- Also known as: Twytch
- Origin: Lowell, Massachusetts, U.S.
- Genre: Metalcore
- Years active: 1998–2011, 2015
- Labels: Thorp, Lifeforce
- Members: Matthew McChesney Isaias "Zay" Martinez Tony Zimmerman Philip J. Sica Mike Zaker

= Hell Within =

American metalcore band

Hell Within was an American metalcore band formed in Lowell, Massachusetts, in 1998. After recording two albums as Twytch, the band changed their name to Hell Within and released Asylum of the Human Predator through Lifeforce Records in 2005. After extensive touring across the United States and lineup changes, the band released Shadows of Vanity in 2007. Hell Within released God Grant Me Vengeance in 2010 and was previously signed to Thorp Records. They disbanded in 2011 and reunited for a one-off show in 2015.

== History ==
=== 1998–2003 ===
Hell Within began when vocalist Matt McChesney joined the band Twytch in 2002.

=== 2003–2005 ===
At this time, European metal label Lifeforce Records was seeking to sign bands under their new American branch. After much regional success, Twytch's album Hatred found its way into the hands of Lifeforce German rep Stefan Ludicke, who offered the band a recording contract.

By now, the band had outgrown the name Twytch and wanted something more original and heavy-sounding. They agreed on the name Hell Within. In an interview with Decibel Magazine, the band discusses what led to the name change.

In April 2005, Hell Within's first worldwide release, Asylum of the Human Predator, was delivered. First print editions contained a DVD of behind-the-scenes video of the band on tour. These have sold out, are now sought after by collectors.

The album's lead single was "Bleeding Me Black." An accompanying music video was produced by Ian McFarland of Killswitch Productions.

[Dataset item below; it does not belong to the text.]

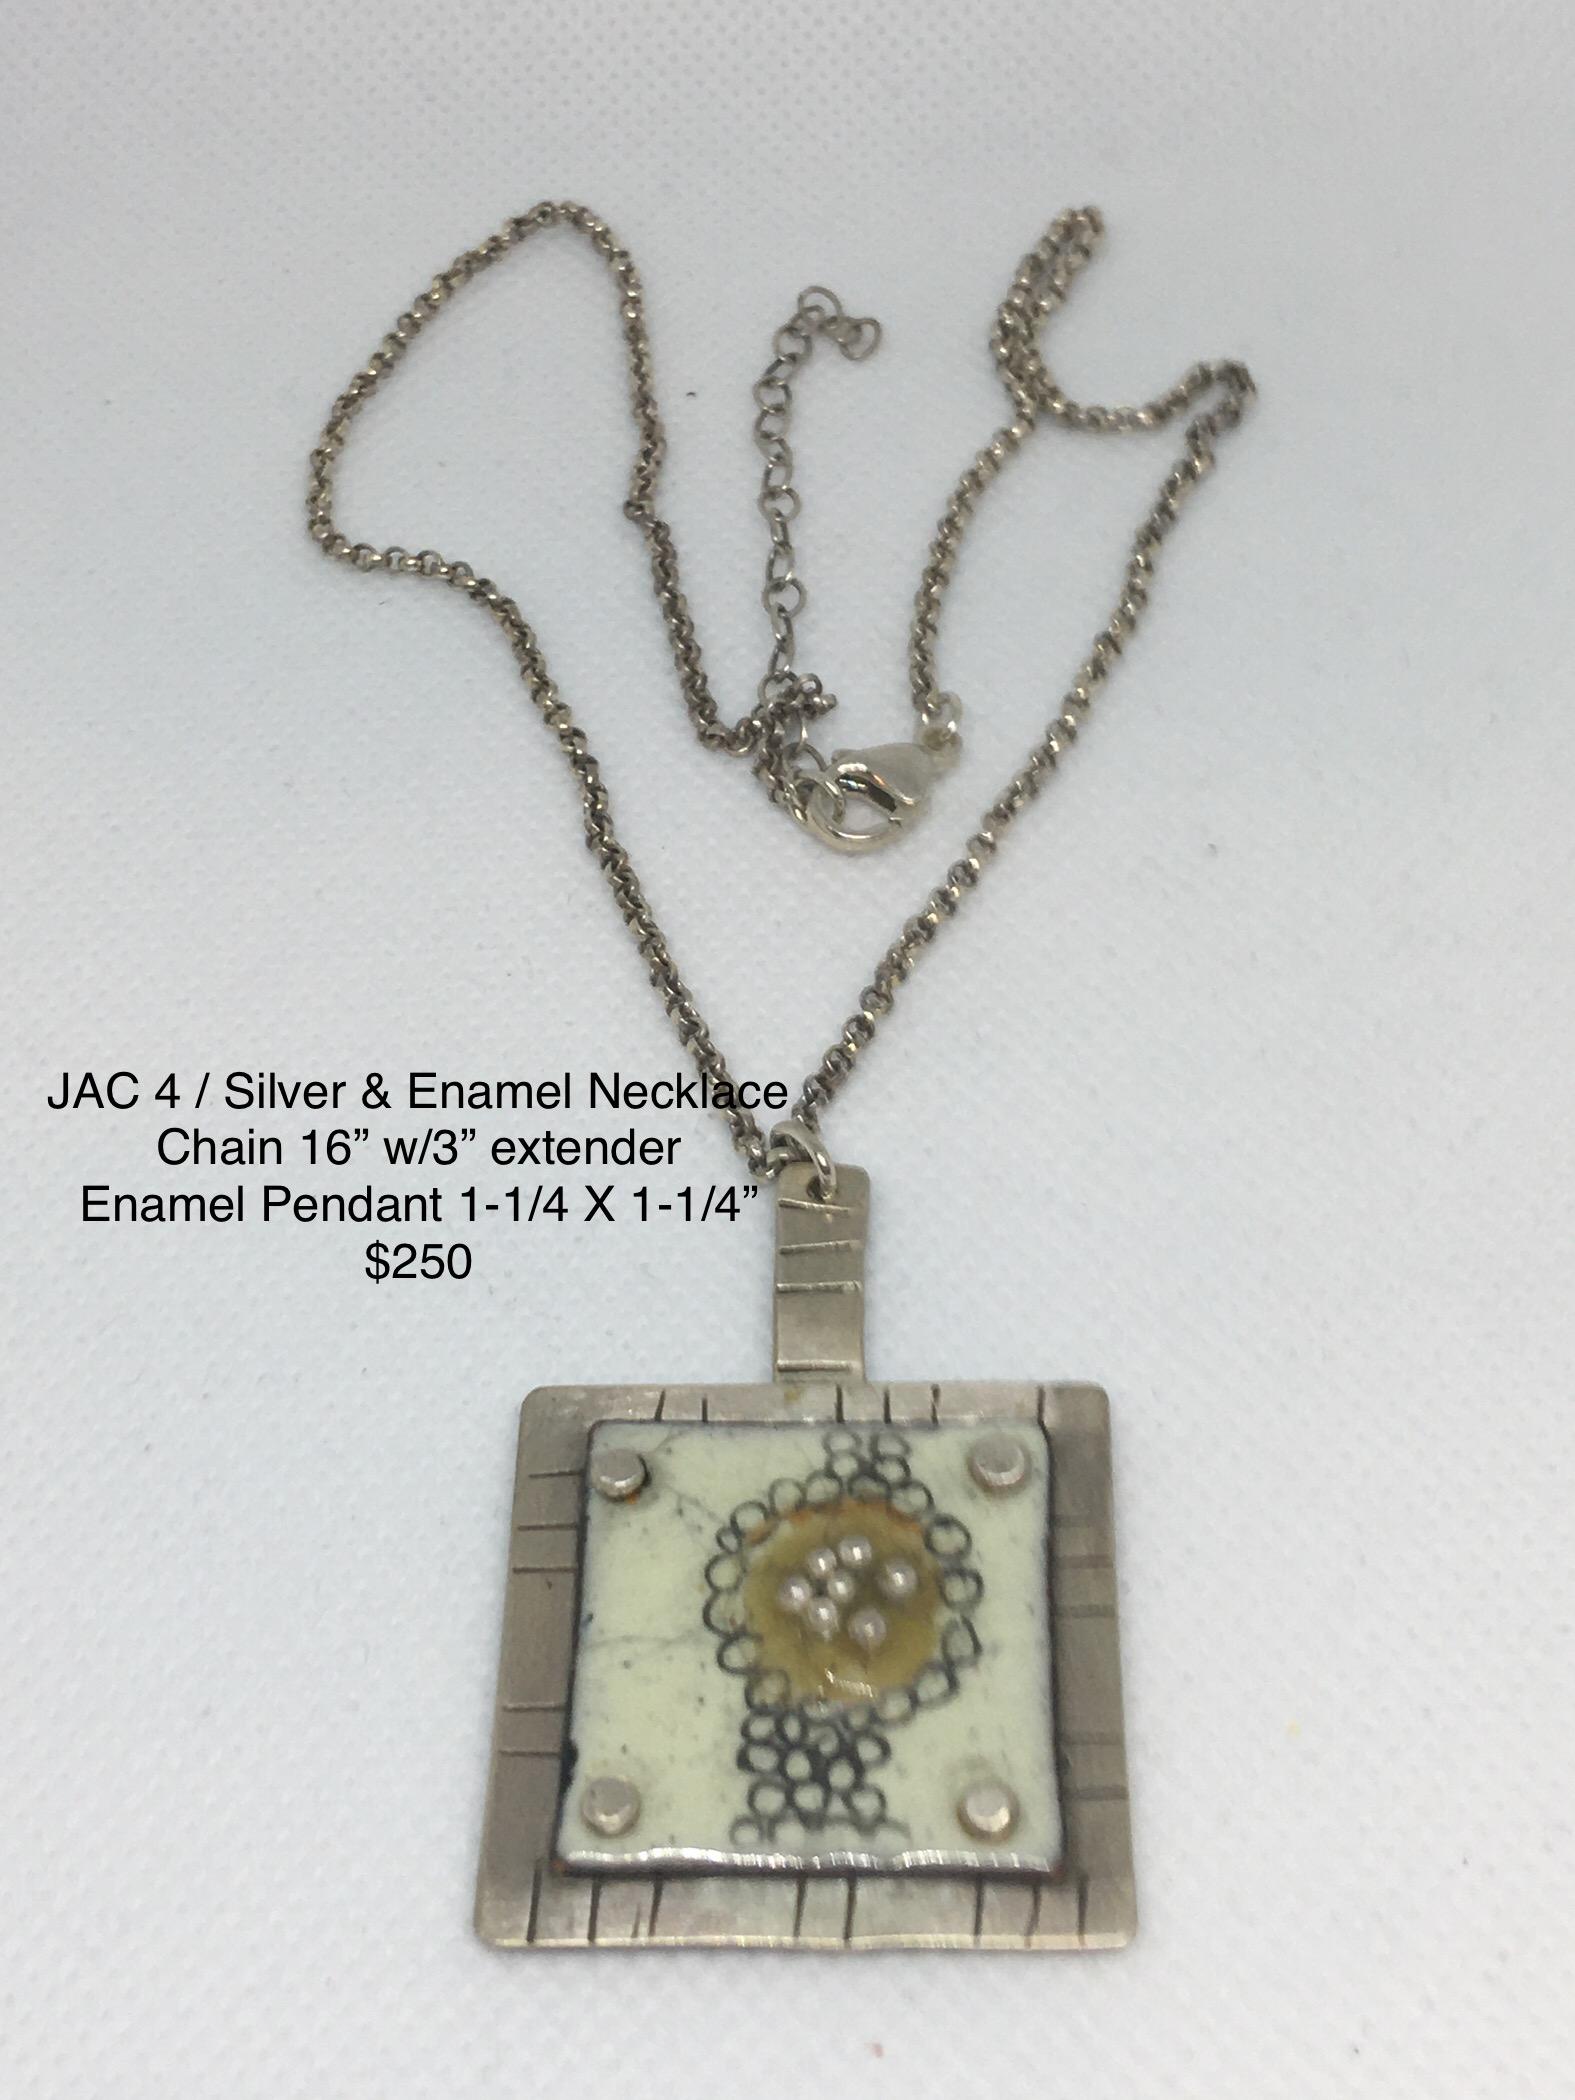 JAC#4-neck-silver-enamel-pendant-3146

On July 22, 2005, the opening track from Asylum of the Human Predator, "Godspeed to Your Deathbed," reached No. 1 on the Comcast Music Choice network, beating out such bands as Nevermore, As I Lay Dying and A Life Once Lost.

In the fall of 2005, Hell Within embarked on the International Extreme Music Festival tour with bands such as Nightrage, Atrocity, Leaves' Eyes, Lilitu, Manntis and God Dethroned. During the tour Hell Within played to audiences all across North America in places such as the legendary CBGB in New York City.

=== 2006–Present ===
After returning from the IEMF tour, Hell Within went through several changes, not only in the band lineup, but musically as well. Longtime drummer Bubba Joyce resigned, and was replaced by Derek Jay, formerly of Trauma Concept.

In the fall of 2006, production on Hell Within's second album Shadows of Vanity went underway. It was at this time that creative differences between the members became apparent. Making matters confusing was that vocalist Matt McChesney did guest vocals on The Autumn Offering's new album, since they were without a vocalist at the time. Rumors were swirling amongst fans that McChesney was no longer in Hell Within. On June 24, 2007, as production was wrapping up on Shadows of Vanity, McChesney released an even more bewildering statement to blabbermouth.net: "I'm devoting 100% of my time, for the immediate future, to The Autumn Offering. I am not leaving Hell Within." However, the damage was done. Hell Within found a new vocalist and publicly introduced Brian Roy on July 16, 2007.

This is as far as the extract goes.